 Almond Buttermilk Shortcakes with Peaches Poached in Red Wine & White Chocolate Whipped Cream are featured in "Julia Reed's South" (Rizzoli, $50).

....

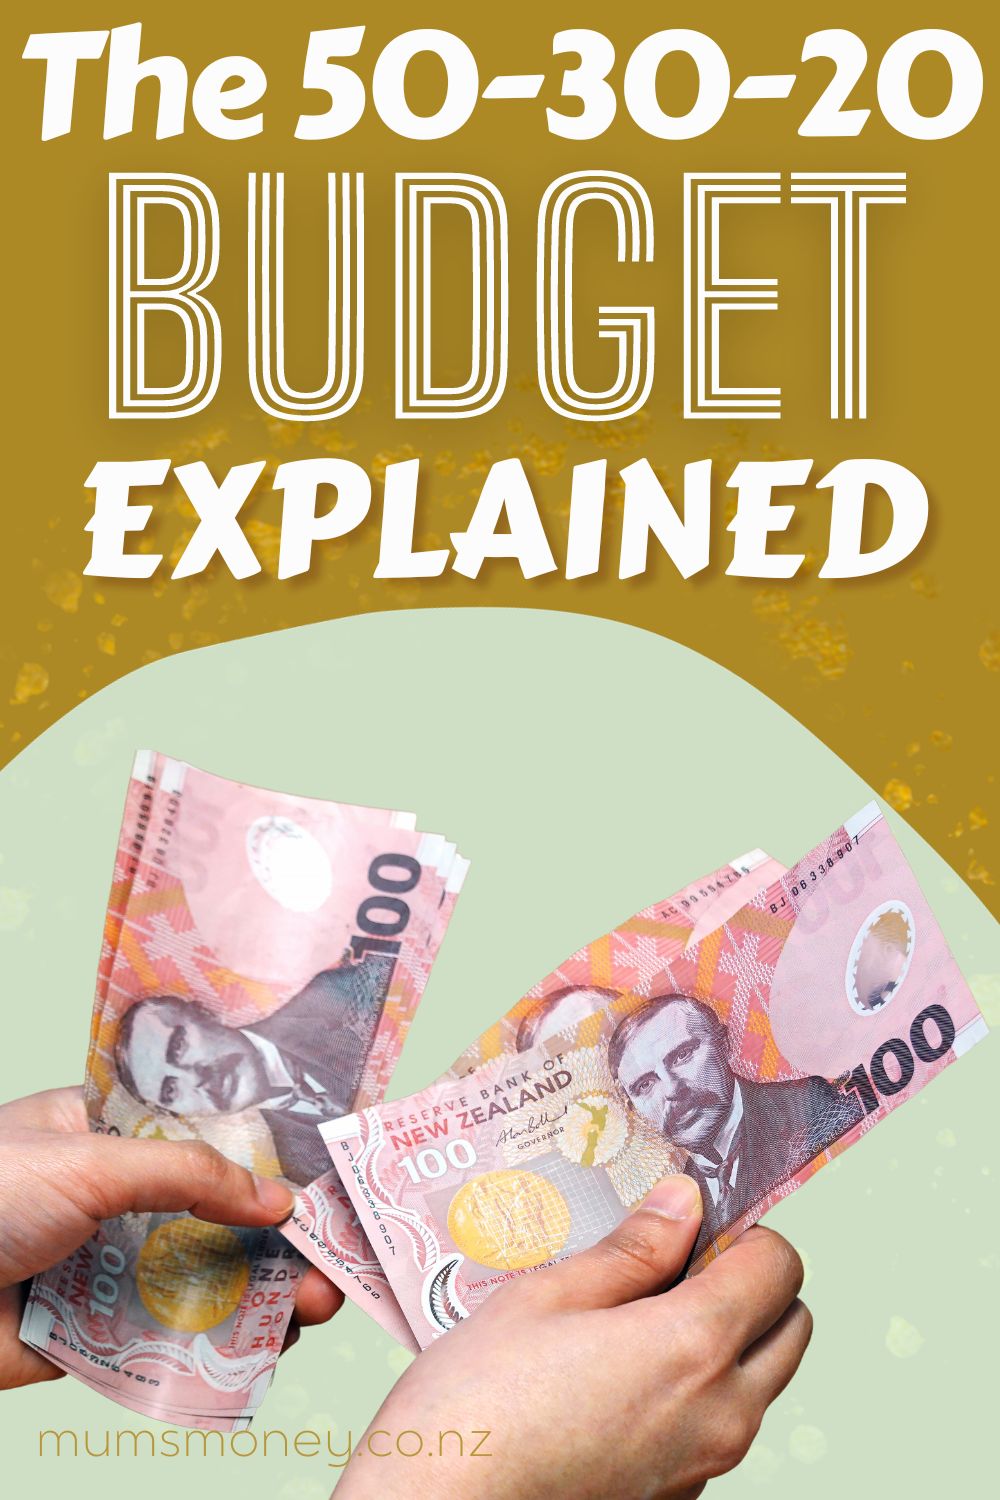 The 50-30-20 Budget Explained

....

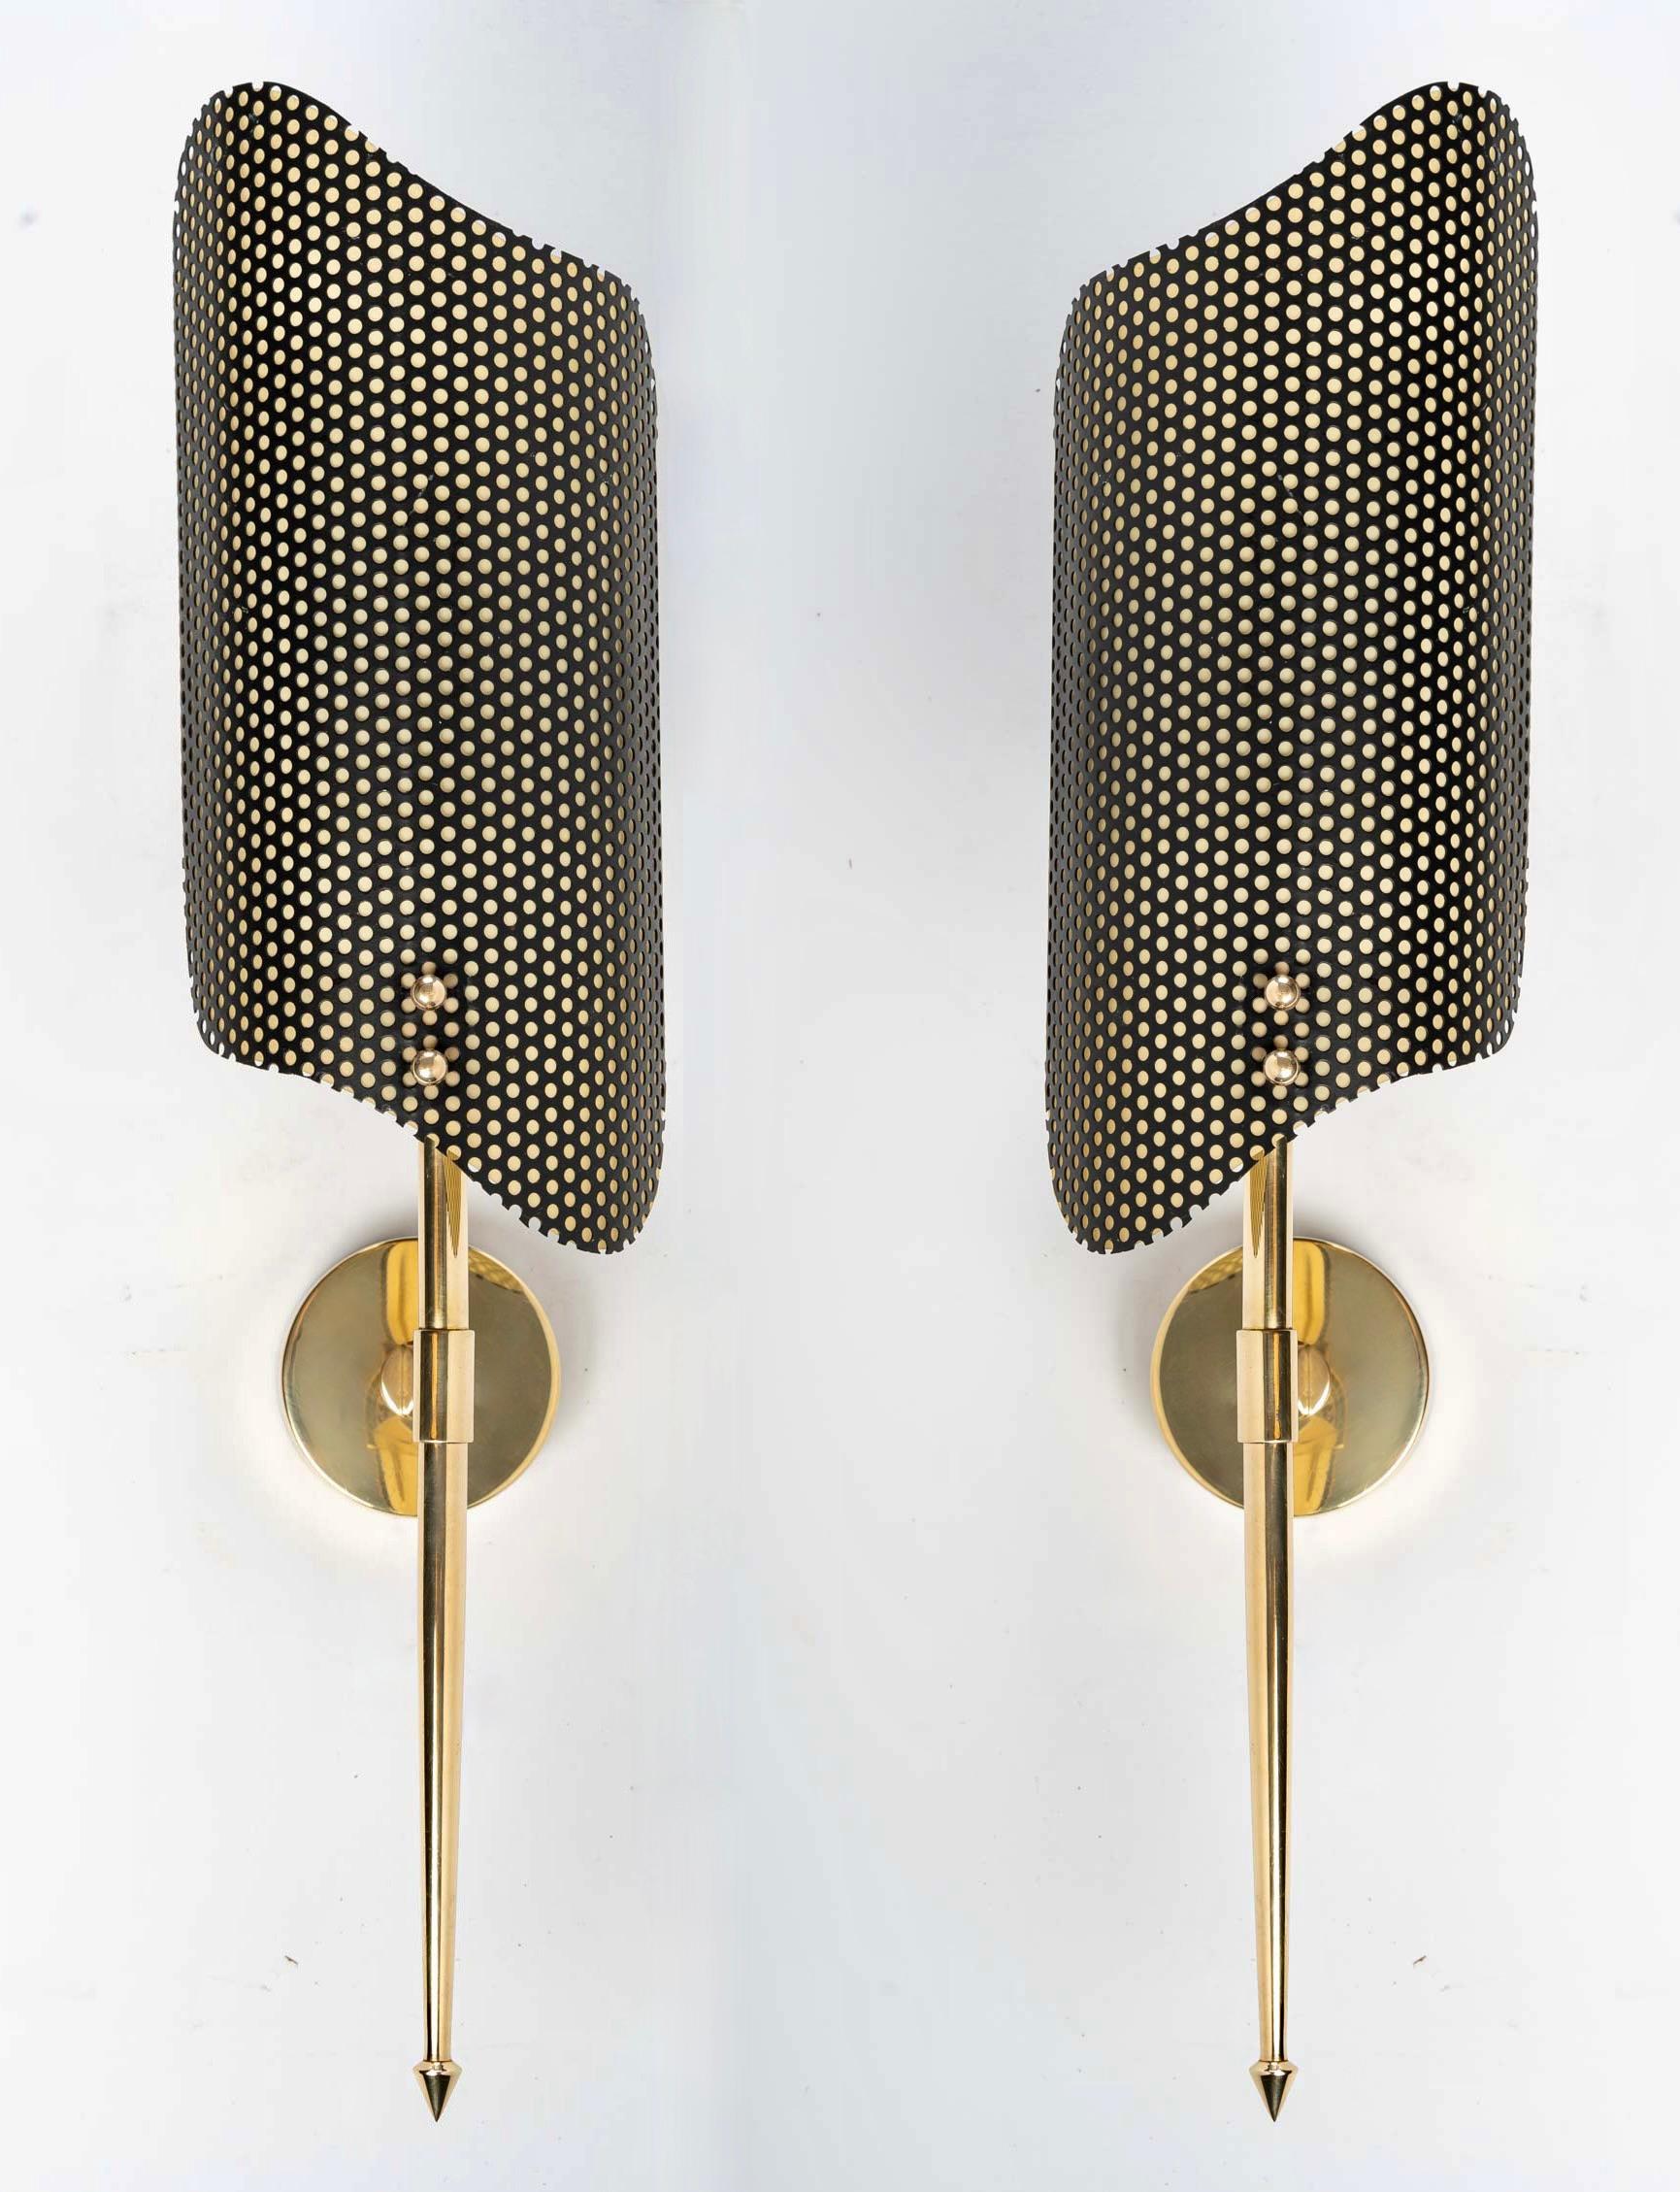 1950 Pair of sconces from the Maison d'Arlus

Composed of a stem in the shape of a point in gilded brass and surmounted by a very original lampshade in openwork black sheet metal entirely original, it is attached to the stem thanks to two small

....

Directions for this task: Print the part of the listing above that opens with the line containing "1950 Pair of sconces from the Maison d'Arlus" and closes with the line containing "Composed of a". Copy it exactly, both ends included, and omit the pictures.

Solution for this exercise:
 1950 Pair of sconces from the Maison d'Arlus

Composed of a stem in the shape of a point in gilded brass and surmounted by a very original lampshade in openwork black sheet metal entirely original, it is attached to the stem thanks to two small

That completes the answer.